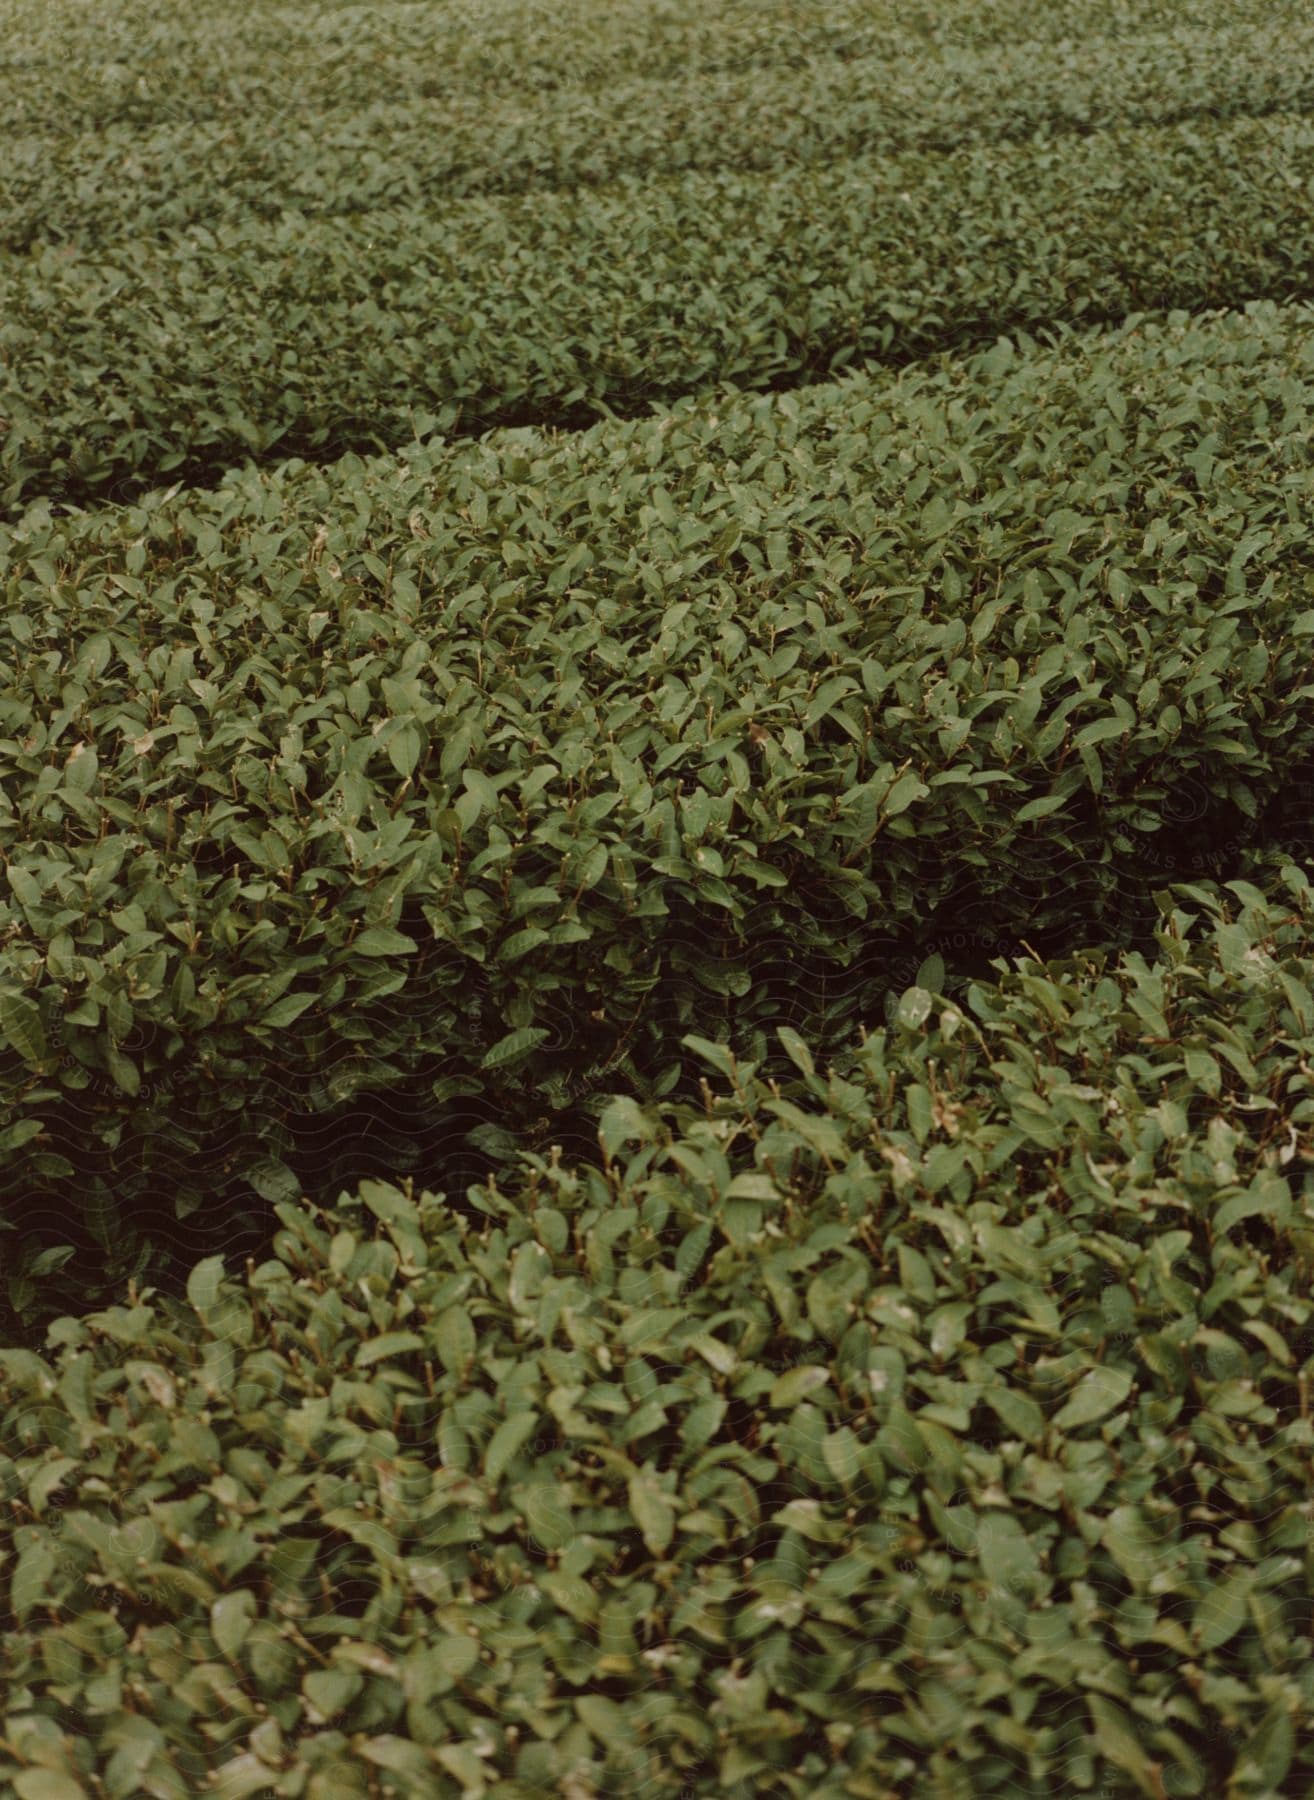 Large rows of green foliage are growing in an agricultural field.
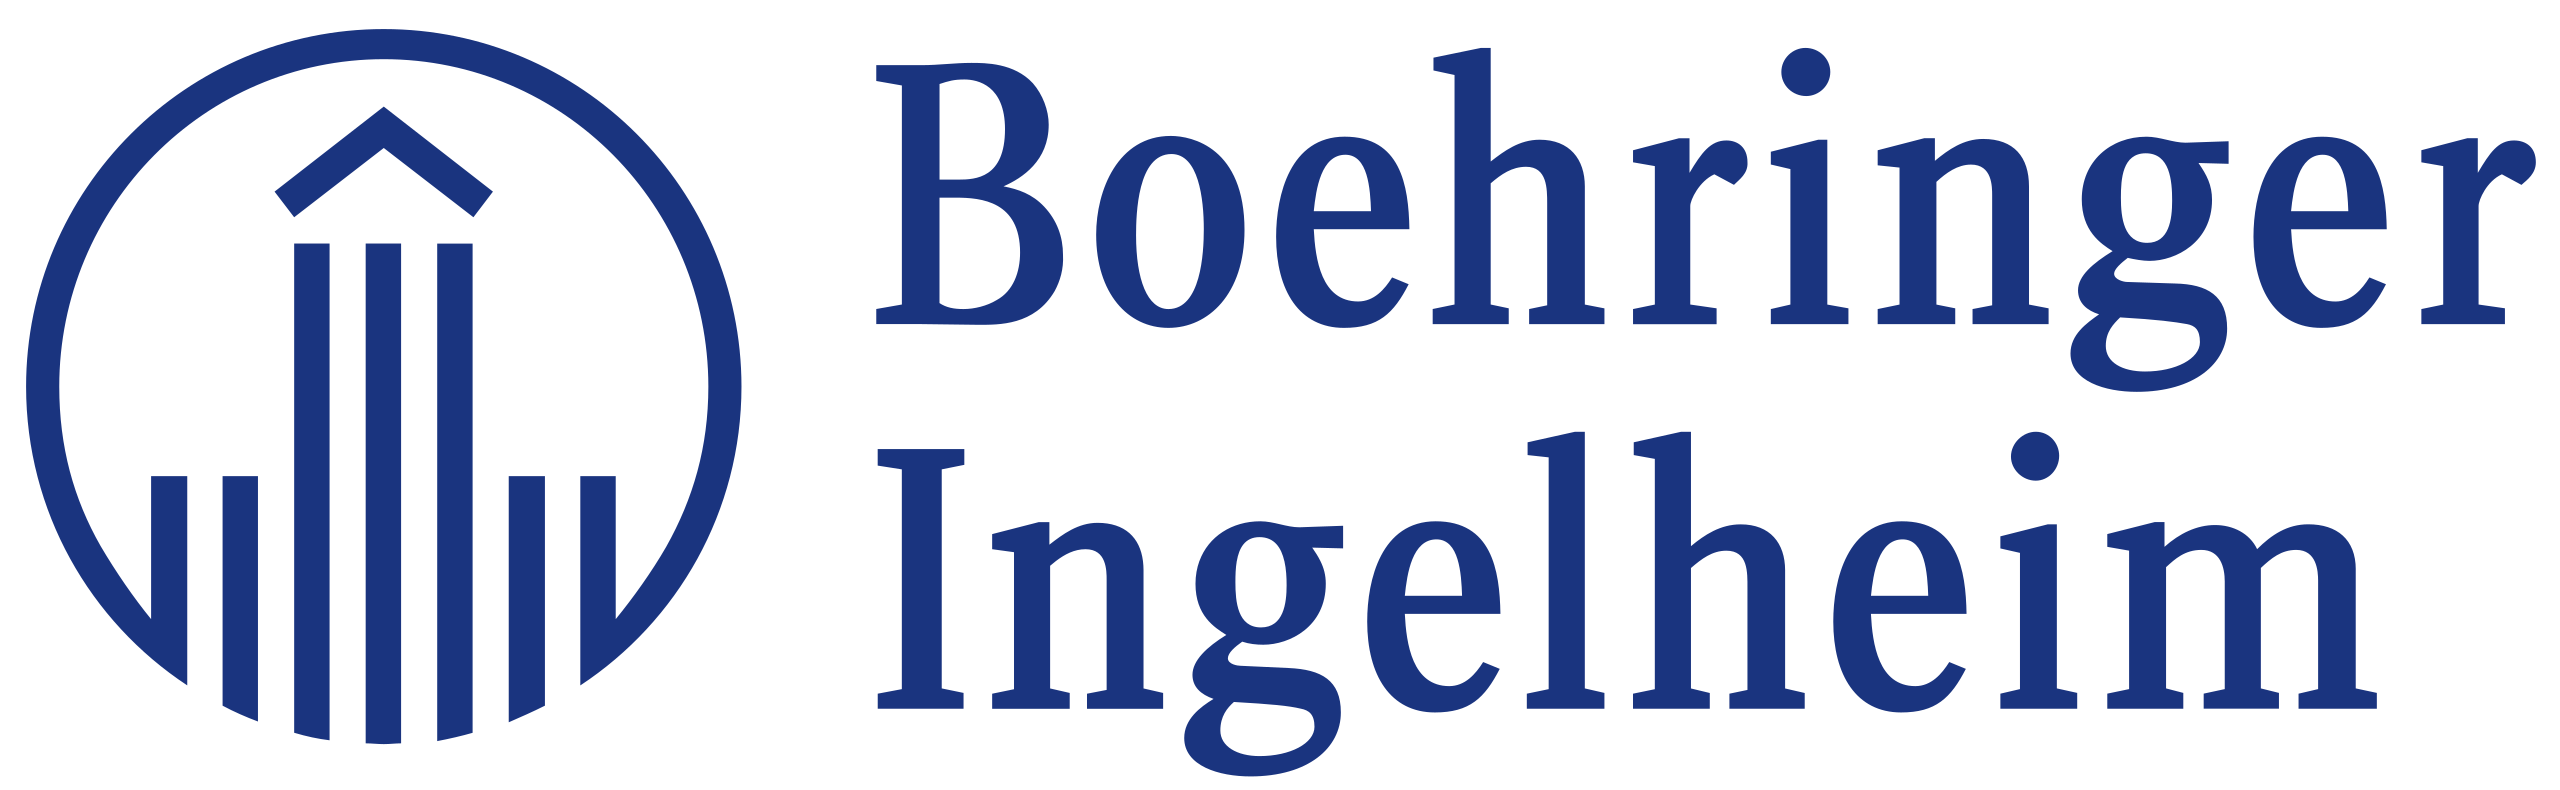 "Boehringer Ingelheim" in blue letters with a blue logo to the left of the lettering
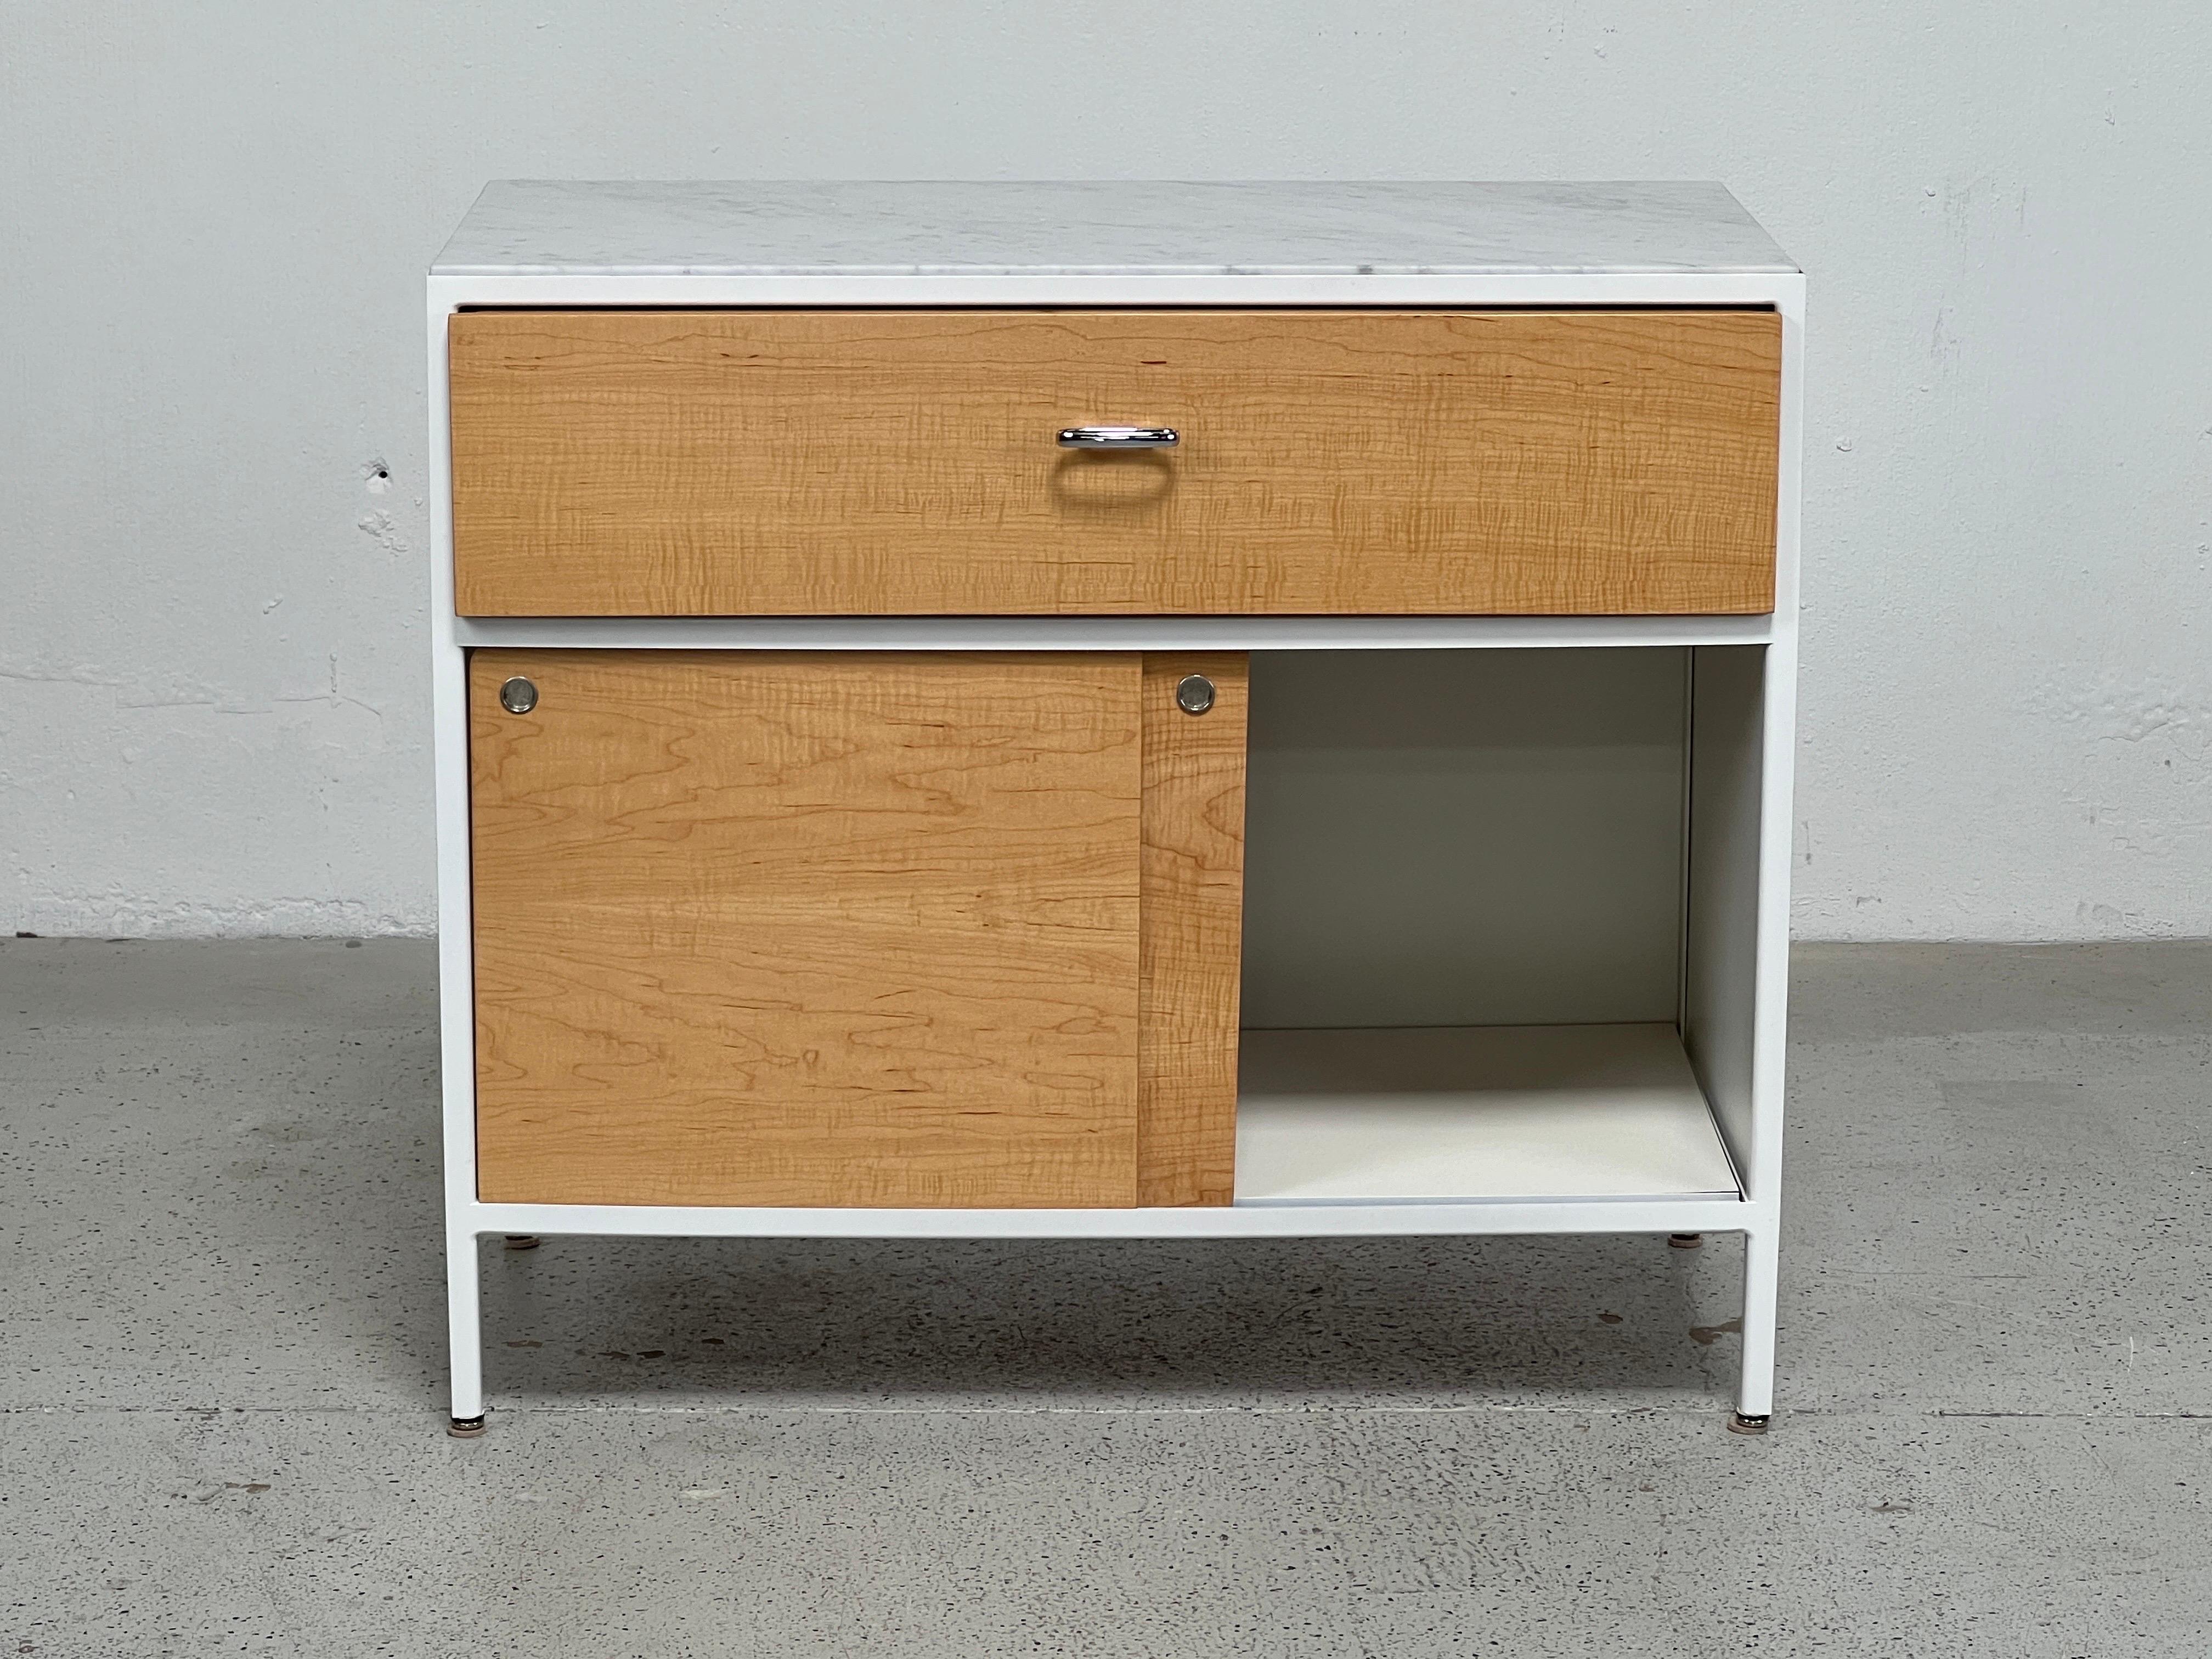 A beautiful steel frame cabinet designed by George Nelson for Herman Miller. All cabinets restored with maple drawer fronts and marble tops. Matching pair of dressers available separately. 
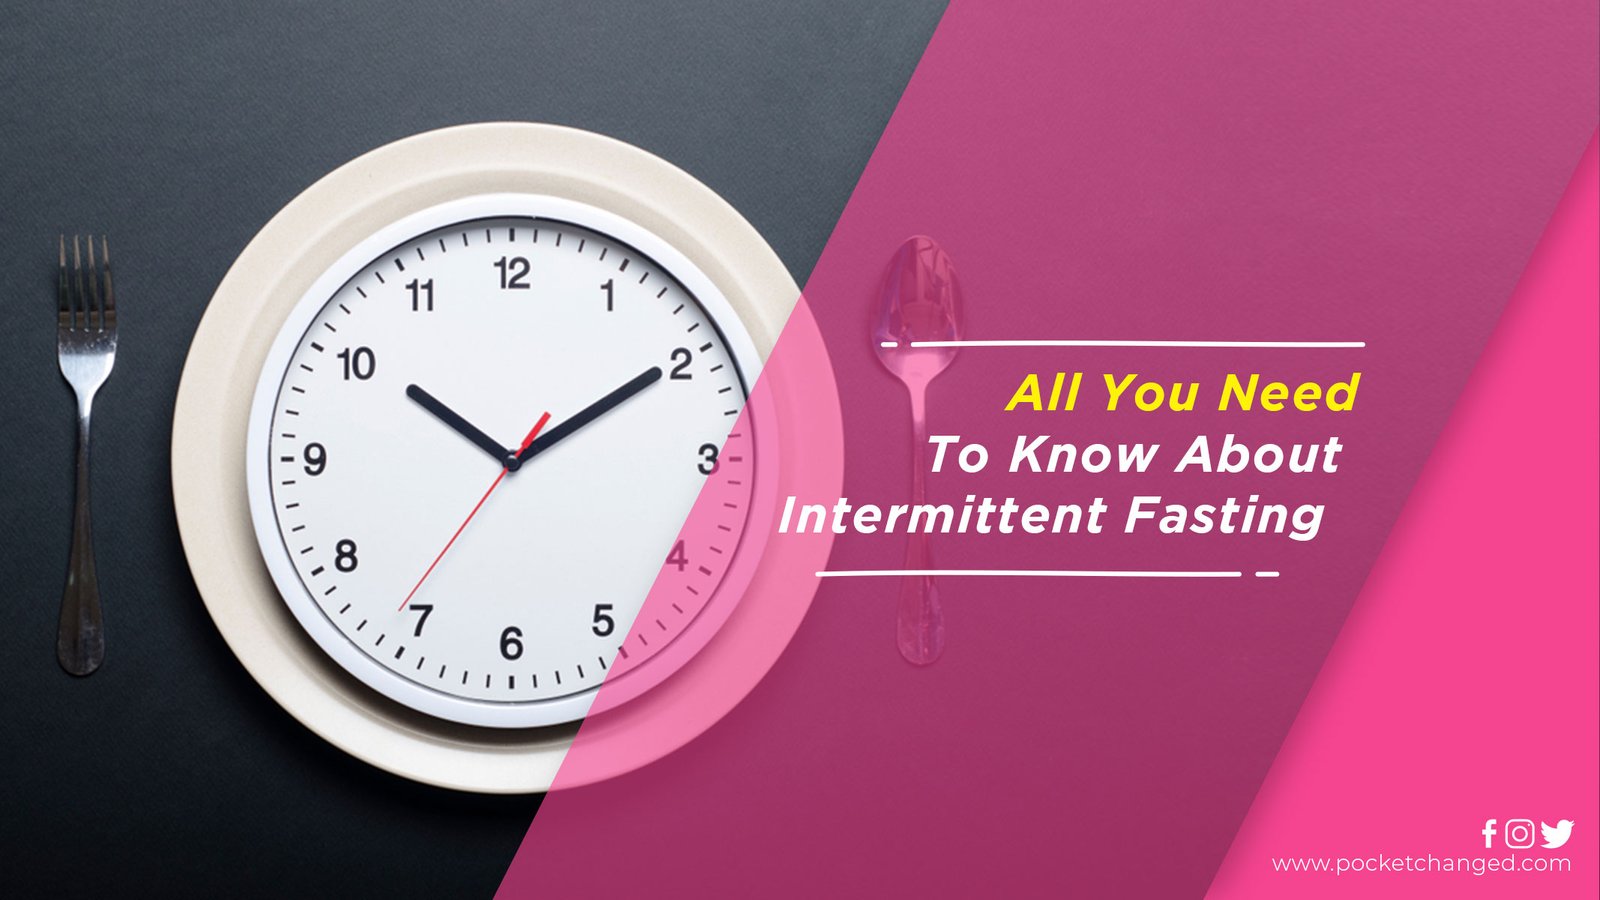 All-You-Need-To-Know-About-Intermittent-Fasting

* _YOUR OBJECTIVE_:
All of the data must be repeated exactly, except for the pictures.

* _EXERCISE RESPONSE_:
 Large rows of green foliage are growing in an agricultural field.
 "Boehringer Ingelheim" in blue letters with a blue logo to the left of the lettering
 A beautiful steel frame cabinet designed by George Nelson for Herman Miller. All cabinets restored with maple drawer fronts and marble tops. Matching pair of dressers available separately. 
 All-You-Need-To-Know-About-Intermittent-Fasting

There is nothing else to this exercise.